_What is expected:_ Below are some entries. Repeat exactly the lines from the one with "Boambee Creek water" through the one with "Adjunctive Therapies to", and only those.

_Data supplied:_
***
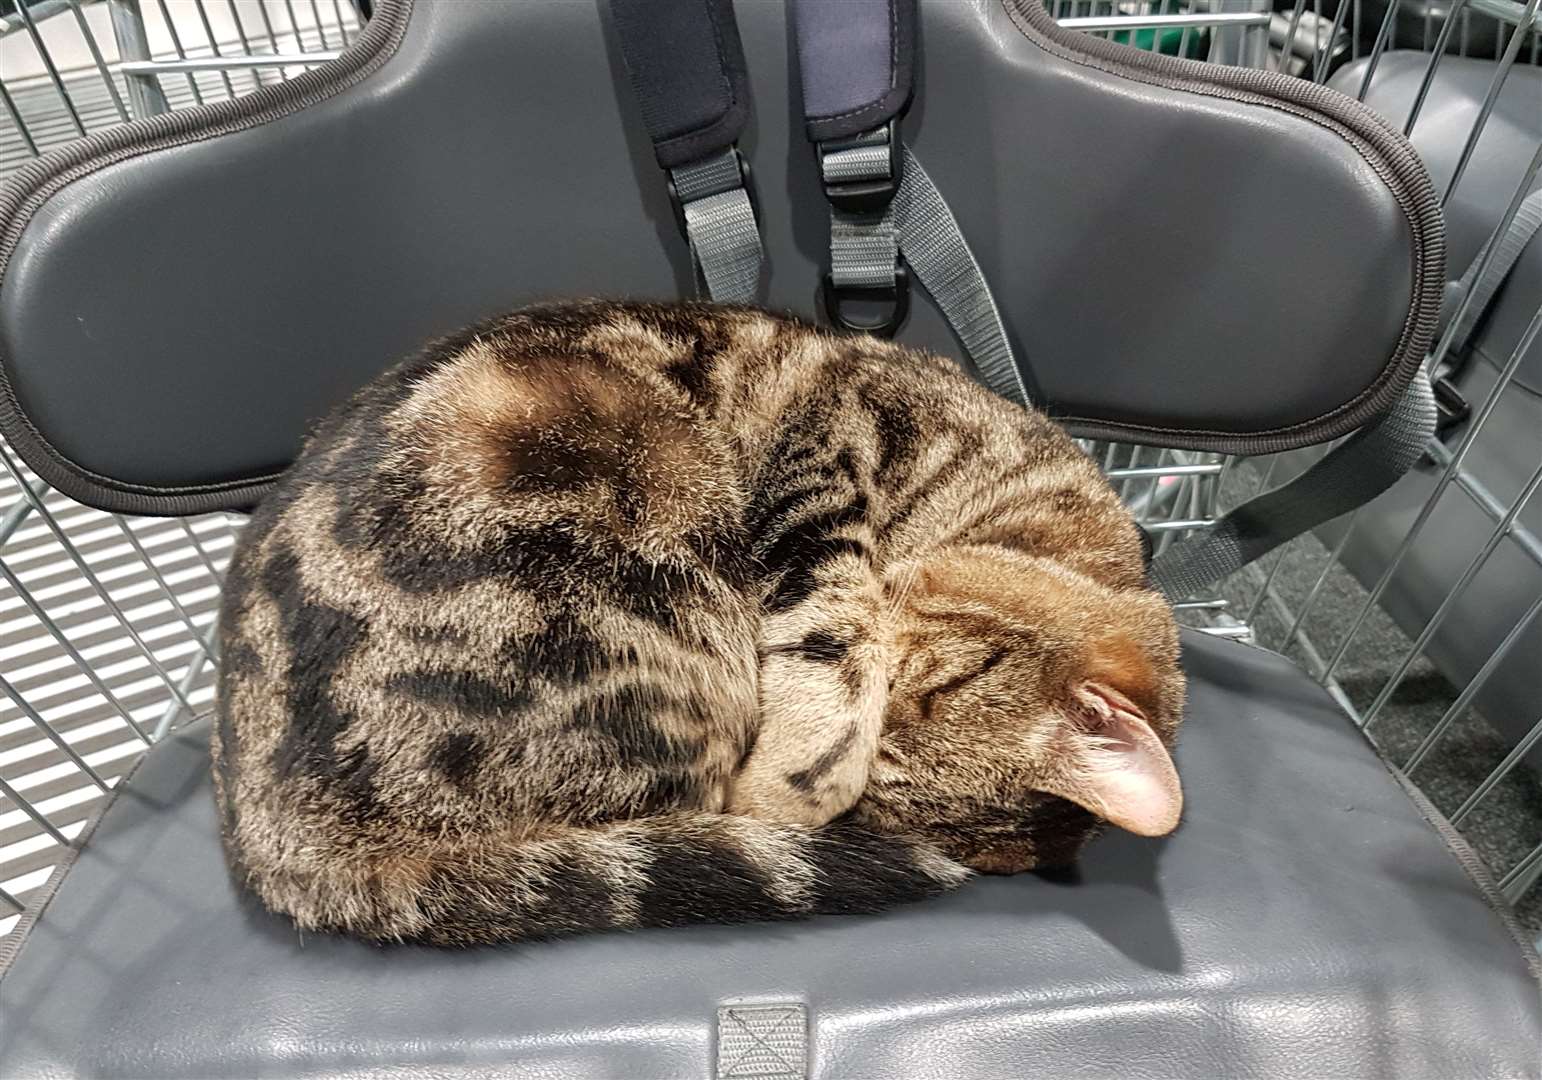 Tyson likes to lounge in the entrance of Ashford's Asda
***
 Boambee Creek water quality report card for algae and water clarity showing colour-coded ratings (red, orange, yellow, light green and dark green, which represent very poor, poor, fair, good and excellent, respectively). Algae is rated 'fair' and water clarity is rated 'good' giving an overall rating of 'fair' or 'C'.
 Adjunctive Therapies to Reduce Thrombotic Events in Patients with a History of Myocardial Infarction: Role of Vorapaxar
***
_Solution to this task:_
 Boambee Creek water quality report card for algae and water clarity showing colour-coded ratings (red, orange, yellow, light green and dark green, which represent very poor, poor, fair, good and excellent, respectively). Algae is rated 'fair' and water clarity is rated 'good' giving an overall rating of 'fair' or 'C'.
 Adjunctive Therapies to Reduce Thrombotic Events in Patients with a History of Myocardial Infarction: Role of Vorapaxar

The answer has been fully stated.